| 27 Apr 2026
Numerical modeling on the mechanisms of chlorine chemistry in snowpack and their impact on secondary atmospheric pollution
Abstract. Snow with high albedo enhances atmospheric photochemical reactions, influencing key oxidative processes. Nitryl chloride (ClNO2), as a strong oxidizing species, is generated by the heterogeneous reaction between dinitrogen pentoxide (N2O5) and chloride adsorbed on aerosol and the ground surfaces. After sunrise, the photolysis of ClNO2 rapidly releases highly reactive chlorine radicals (Cl·), which contributes to the formation of secondary pollutants. However, the pollution mechanisms in high-latitude, snow-covered regions associated with increased chlorine emissions remain unclear. In this study, we employed the WRF-CAMx model (Weather Research and Forecasting Model-Comprehensive Air Quality Model with extensions) with a modified chemical mechanism (CB6r2h_lts, Carbon Bond 6 revision 2 with heterogeneous chemistry for low-temperature and snow-covered conditions) that incorporated heterogeneous N2O5 reactions and ClNO2 photolysis on ground surfaces to assess their impact on regional atmosphere under snow-covered conditions in Northeast China. Our findings reveal that under snow-covered conditions, the YU20 aerosol scheme (from study by YU et al., 2020) outperforms the BT09 scheme (from study by Bertram et al., 2009) in simulating N2O5 and ClNO2 concentrations within the CAMx model.

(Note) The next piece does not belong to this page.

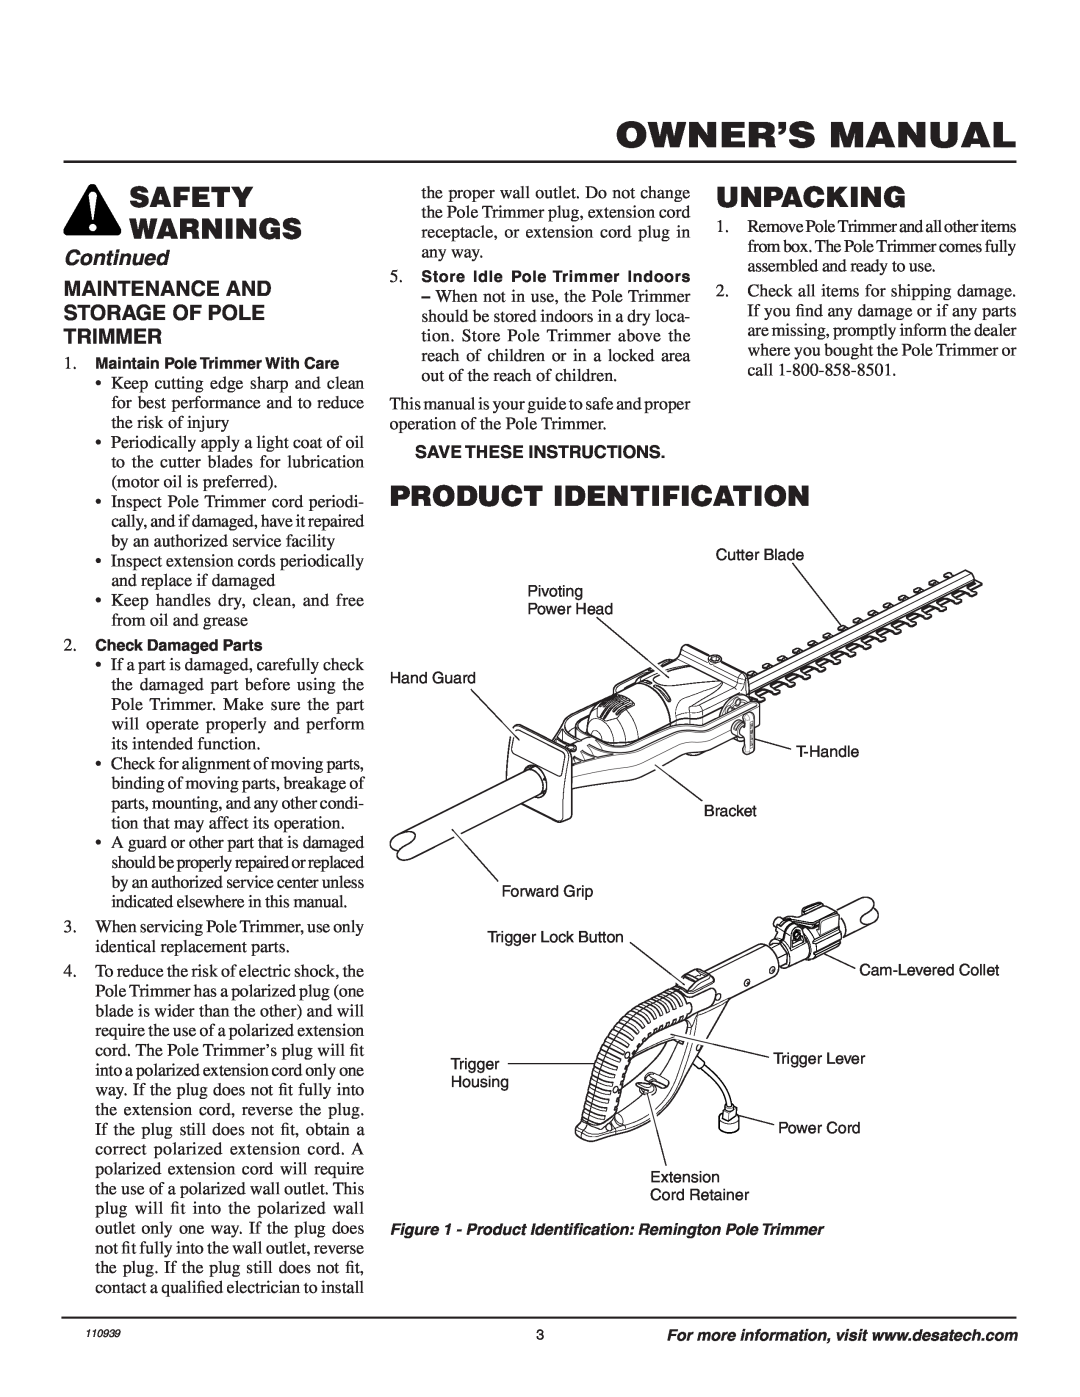 Remington Power Tools 117535-01A owner manual Owner’S Manual, Unpacking, Product Identification, Continued, Safety Warnings 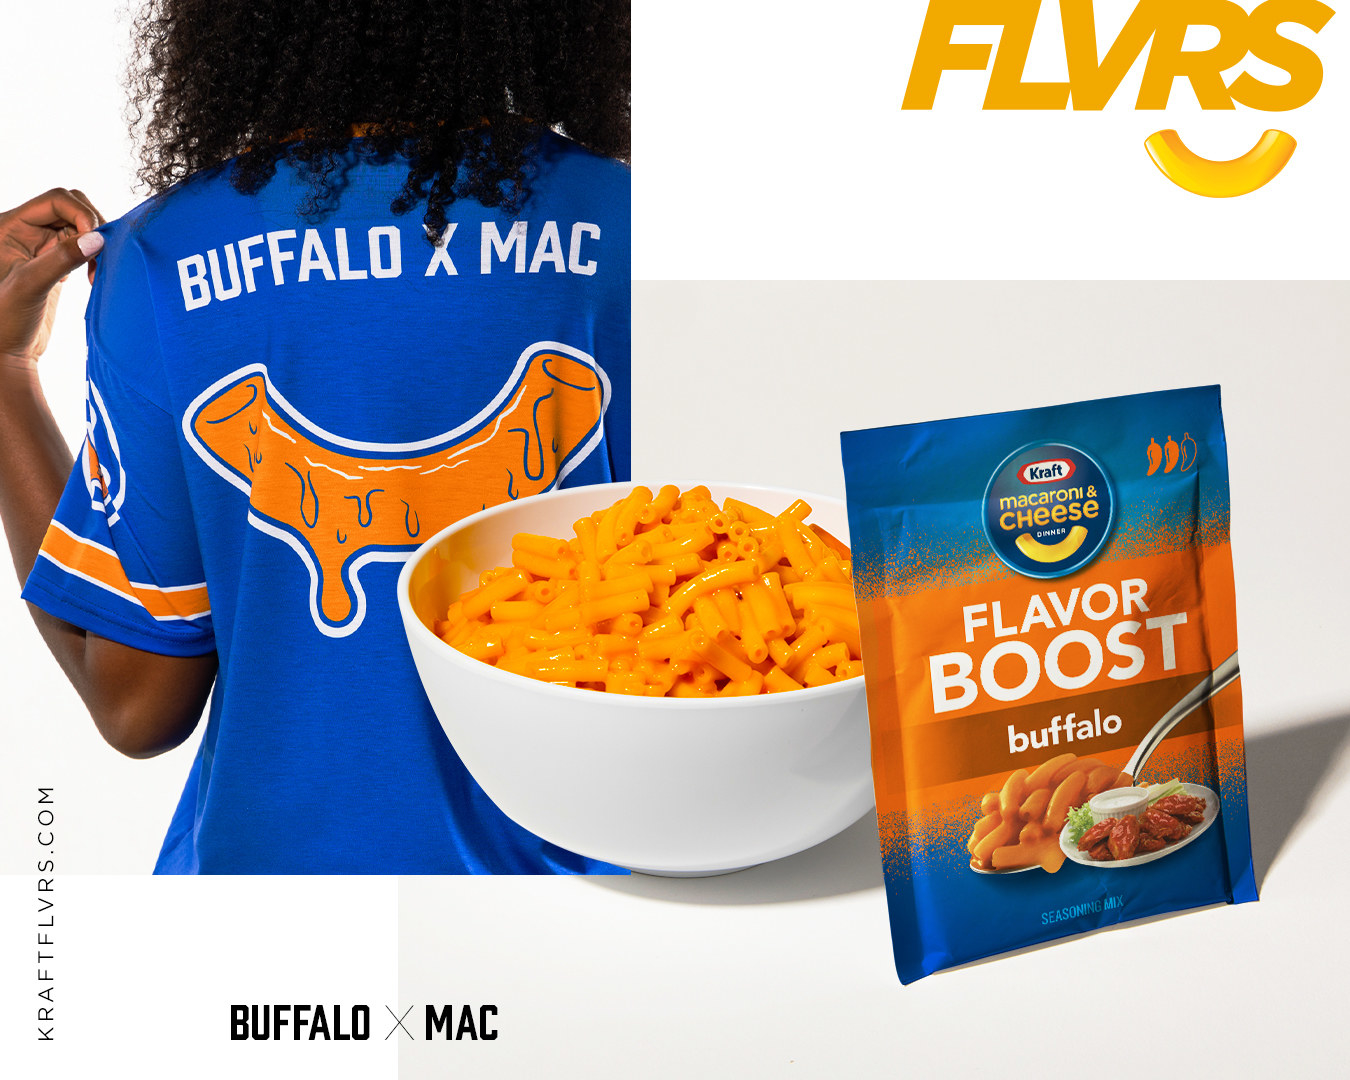 A buffalo x mac jersey and the flavor boost packet

Incorporating anthropogenic chlorine emissions and ground surface chemistry significantly improved model performance for ClNO2, reducing the mean bias (MB) from -105.78 pptv to 2.66 pptv and increasing the index of agreement (IOA) from 0.39 to 0.86. These processes resulted in a maximum hourly increase of 3.65 µg/m³ in PM2.5 (relative contribution: 15.34 %) and 3.41 ppbv in MDA8 O3 (5.68 %). Notably, ground surface chemical processes were identified as the dominant source of nocturnal ClNO2, contributing approximately 28.36 % to nighttime accumulation across Northeast China. These findings not only highlight the pivotal role of chlorine chemistry in atmospheric processes under snow-covered conditions, but also provide crucial support for the refinement of the mechanisms governing the flux exchange of chemical substances between the atmosphere and the cryosphere.